Cleaned and processed large-scale structured and unstructured text data (missing values, encoding, tokenisation, stop-word removal, stemming).
Extracted text features using TF-IDF and Doc2Vec, converting millions of item descriptions into numeric vectors.
Trained and compared regression models (Ridge, Lasso, SVR) with GridSearchCV and cross-validation for hyperparameter tuning.
Applied log transformation and dimensionality reduction to stabilise variance and reduce feature redundancy.

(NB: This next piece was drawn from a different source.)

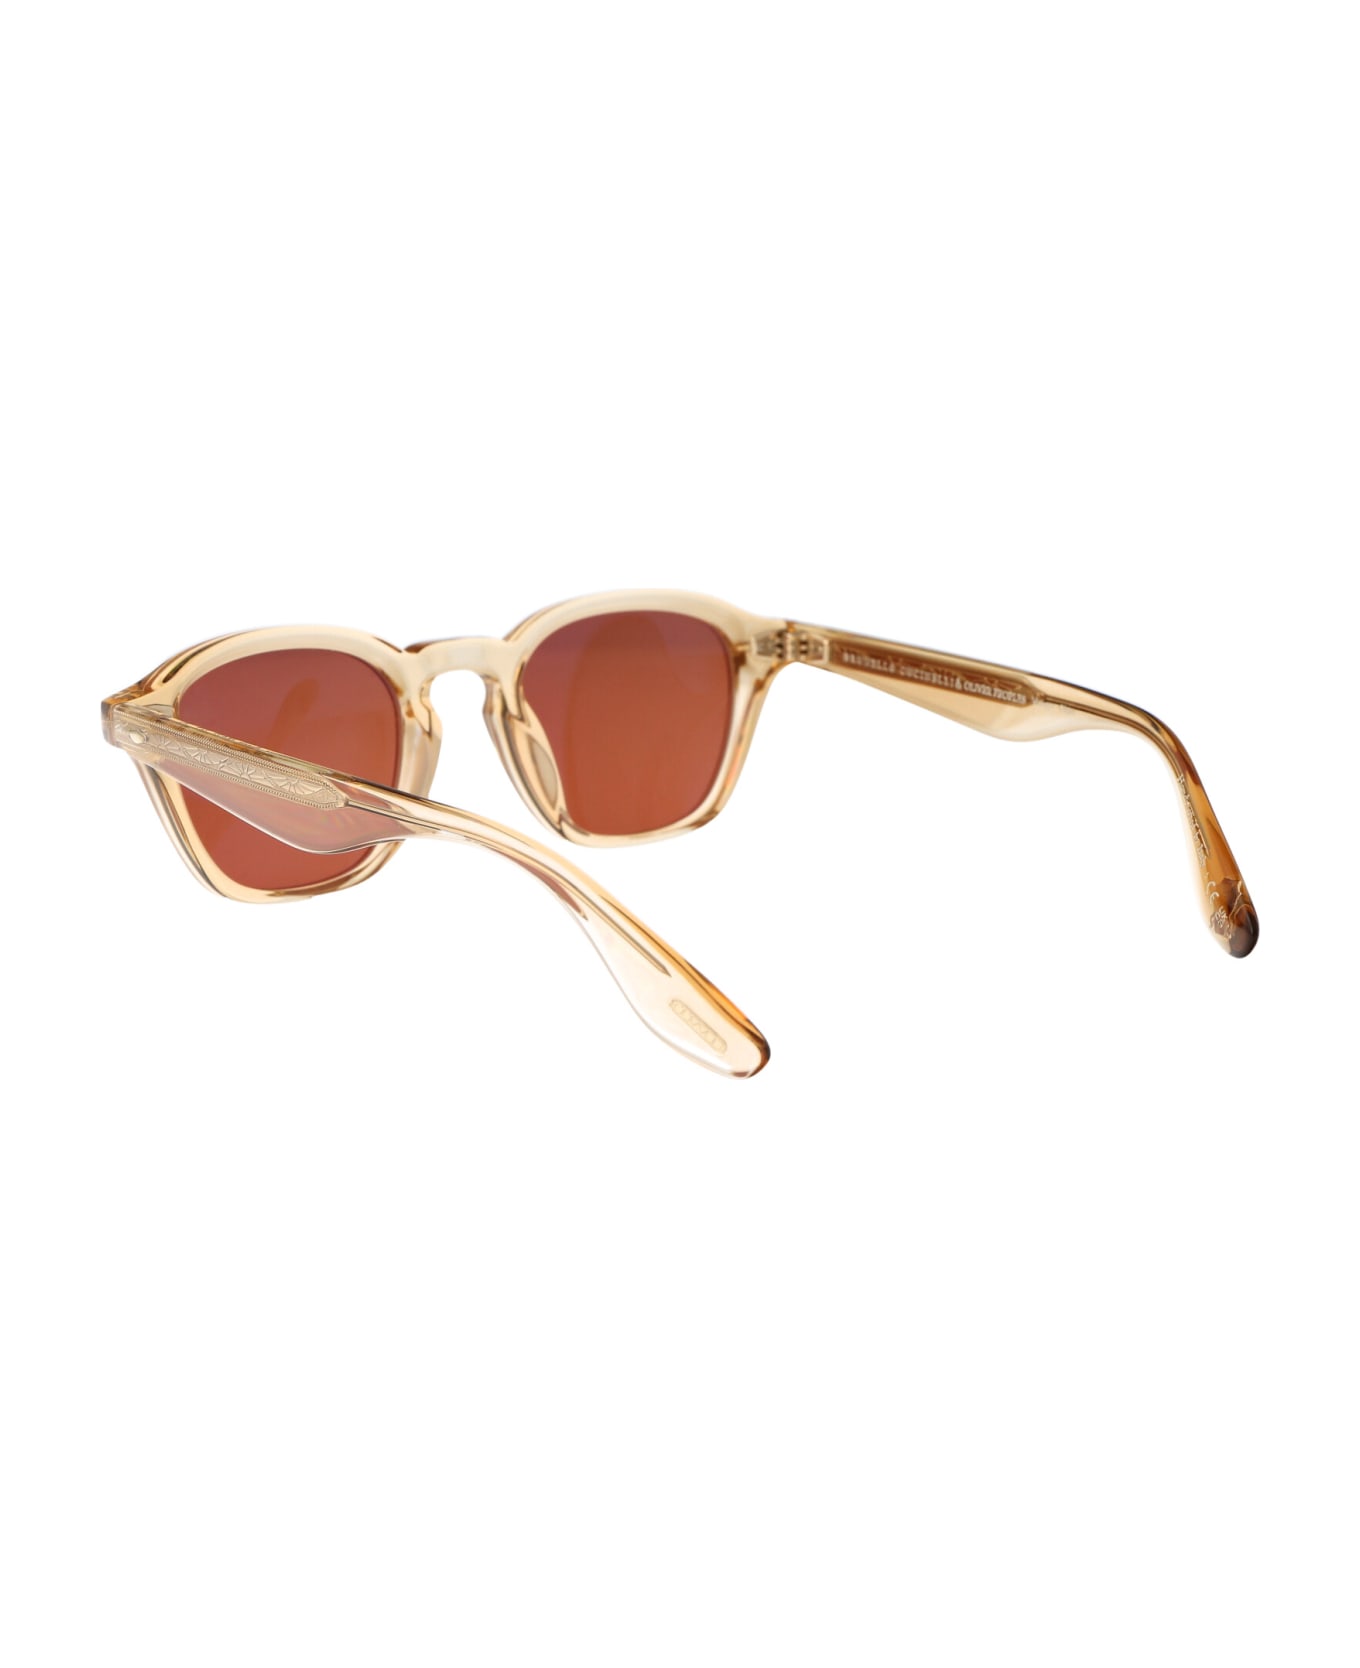 Oliver Peoples Peppe Sunglasses - 176653 Champagne サングラス

Achieved best performance using Ridge Regression + TF-IDF, scoring 0.477 RMSLE (top quartile of Kaggle leaderboard).
Ensured reproducibility with structured experimentation, documentation, and feature importance analysis.
Tools: Python, scikit-learn, Gensim, Pandas, NumPy, Matplotlib, Google Colab.
Impact: Delivered an interpretable, scalable pricing model demonstrating advanced NLP feature engineering and large-dataset ML workflows.